# Silstar Arctic Rods



## Yakcoosa (Jan 18, 2012)

Hi all, looking at picking up a Silstar Arctic rod from a non-descript chain adventure store where they are on sale for less than half price. Fuji components, graphite blank and the must have seasonal "arctic white" colour that everyone seems to must have this year for $40. Feels very nice and light and whippy. would make for a nice backup rod. Getting one tonight unless there are some shameful reports to be heard?

Cheers
Dan.


----------



## Yakcoosa (Jan 18, 2012)

So picked it up. I usually go for light rods as they feel better for me and more sporting, 1-3kg is usually the go so I mixed it up and got a 3-6 kg 7ft for some heavier work I will be doing in the coming weeks. Feels really nice with lots of action and a realistic price. Now to christen it and see if it stays together!


----------



## rino88 (Sep 10, 2011)

Hmmmmmmmm.... Silstar  For some reason I really like these rods, I'm sure you'll be very happy with your purchase too. I have been running with Silstar rods ever since I could remember. Good rods and value for money.

Check out their Crystal tip range, they are my favourite


----------



## Theumage (Oct 13, 2010)

ryanmoken10 said:


> Check out their Crystal tip range, they are my favourite


I have a crystal tip surf rod, 12' and it is awesome, lots of feel for the Salmon but still brings in a great fight.


----------



## rino88 (Sep 10, 2011)

Theumage said:


> ryanmoken10 said:
> 
> 
> > Check out their Crystal tip range, they are my favourite
> ...


That's what I'm lining up to get for my trip to Fraser Island in October to chase the Tailor on. Can't wait!

Currently my newest Silstar is a 5 foot 6 inch Crystal Tip 6kg teamed up with a 4000 Shimano Sienna that I use to throw large Squidgy Slick Rigs with in the yak, best thing ever...caught heaps of flathead with it


----------



## Drew (Jan 24, 2012)

got the 1-3kg 6' version, and matched it to my old Daiwa Regal-X 1550, and it's a perfect yak rod...
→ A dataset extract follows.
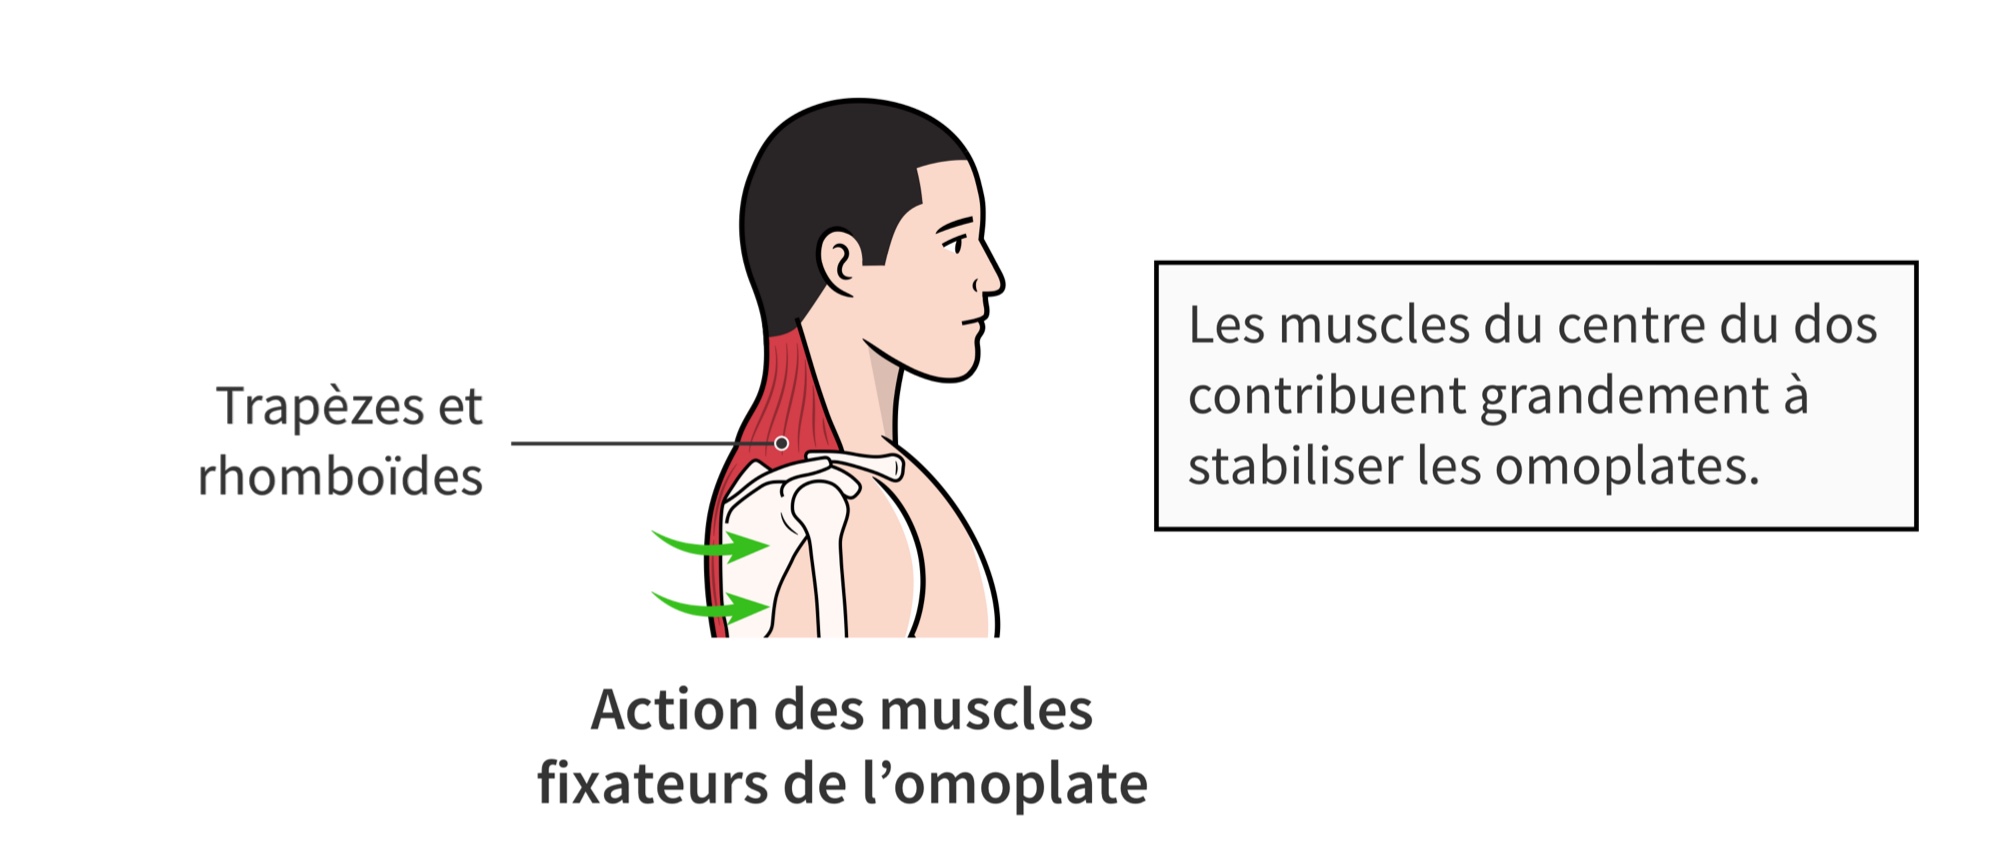 Action des muscles fixateurs de l’omoplate

fished with it for hours at Forster, and it's going to be my new favorite combo for now...


----------



## intercooledpc2 (Dec 1, 2010)

I own the Silstar 7ft 2-4 kg 2 piece version and it's my 3rd graphite rod. I purchased it for about $60 from a small shop while I was on holidays in Phillip Island. I have seen this rod go for as much as $100 at other tackle stores. 
I have owned this rod for about 6 months now I have to say I don't like it all that much.

Likes:
-Affordable price
-Cool colour scheme, blue and gloss-white finish. 
-Light
-Split Cork Grips

Dislikes:
-Reel seats are poor quality, the 2500 Shimano Sienna reel I was using with it didn't seem to sit too well in there. Even when fully secured, it had a bit of moment in the reel and just didn't feel great in the hand. Others have posted the same issue on the net, I ignored this when I purchased. 
-Action Feels a bit sloppy, with a slow taper, especially with heavier (5gram) jig heads for plastic work. 
-Doesn't seem to have that much power under load, even on light species fish. Expect the whole rod to flex when your on. Not sure if this is a good thing. 
-Casting with this rod feels kind of weak. It's okay, but again, just doesn't feel that crisp out on the water. Mind you, it felt nice when I was flicking it in the shop! 
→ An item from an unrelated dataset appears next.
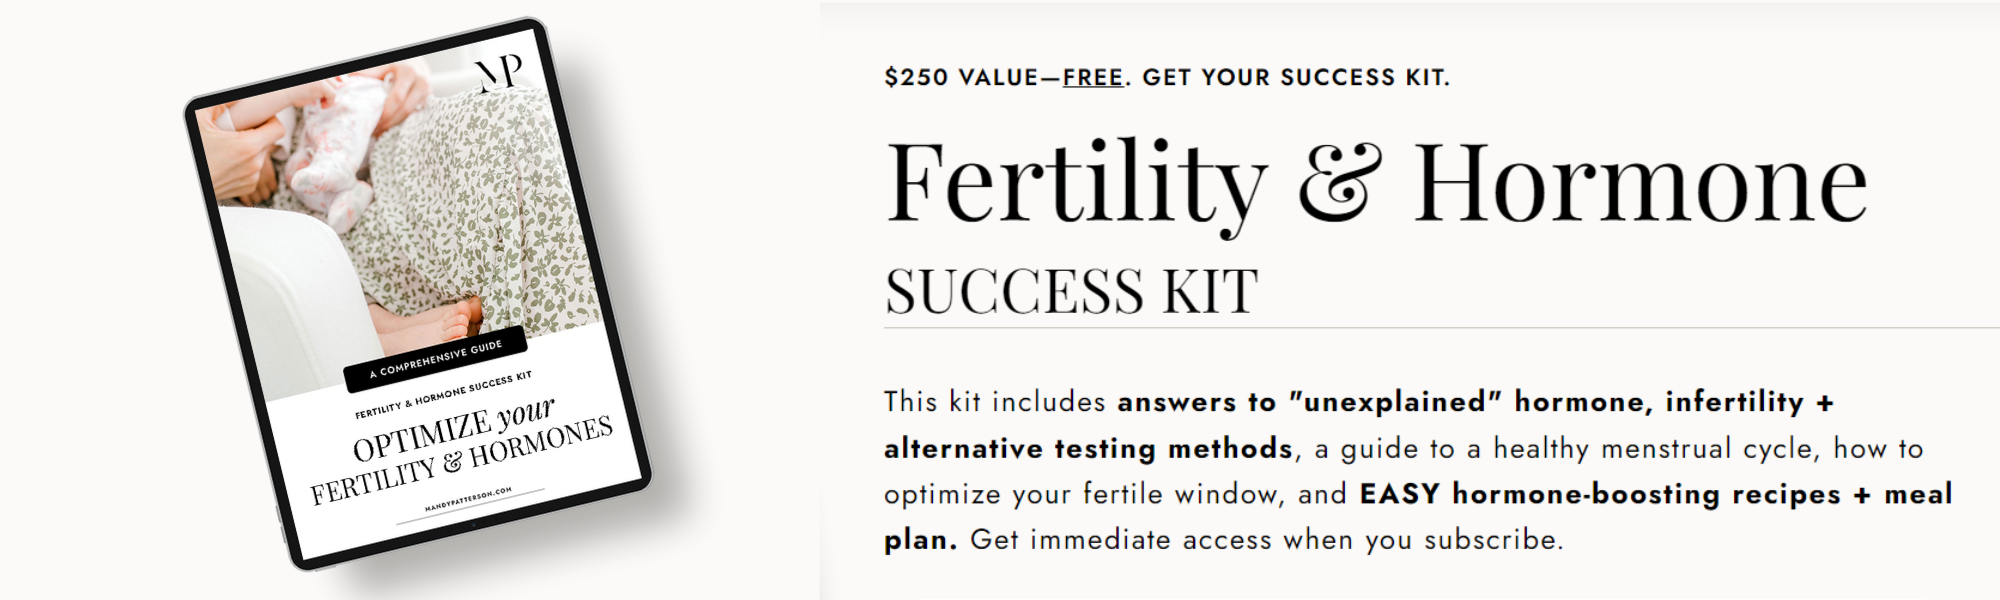 Fertility & Hormone SUCCESS KIT

... so it has it, I ended up snapping this rod accidental when I leaned on it ever so slightly. My fault here, but I'm in no hurry to buy this rod again. I would go for something else like a Shimano Sonic Pro, it's cheaper and feels better all round in my opinion. I have always liked the brand Silstar, they seem to have some decent glass rods, one which I own and love. Perhaps they are new to the graphite market?

Cheers, 
Dave


----------



## Slazmo (Oct 18, 2010)

intercooledpc2 said:


> I would go for something else like a Shimano Sonic Pro, it's cheaper and feels better all round in my opinion.


Agreed! B.C.F have 20% off their Shimano SSV V2's at the moment - they dont have Fuji guides or seats however are very well priced and have great actions.

I own a 901 2pc matched with a Sustain 5000FG for surf lure casting and just bought another SSV the other day a 7' 6-8kg 2pc that I mated with a Stradic 4000F Ci4 and which balances out extremely well. These rods have Sea guides and a generic graphite reel seat and decent hypalon grips, the blank looks carbon (and has lots of stick!) and it all ties in well for $70.

All this comes from someone that wants Fuji components on all their rods - yet so far the SSV V2's have been a real steal.


----------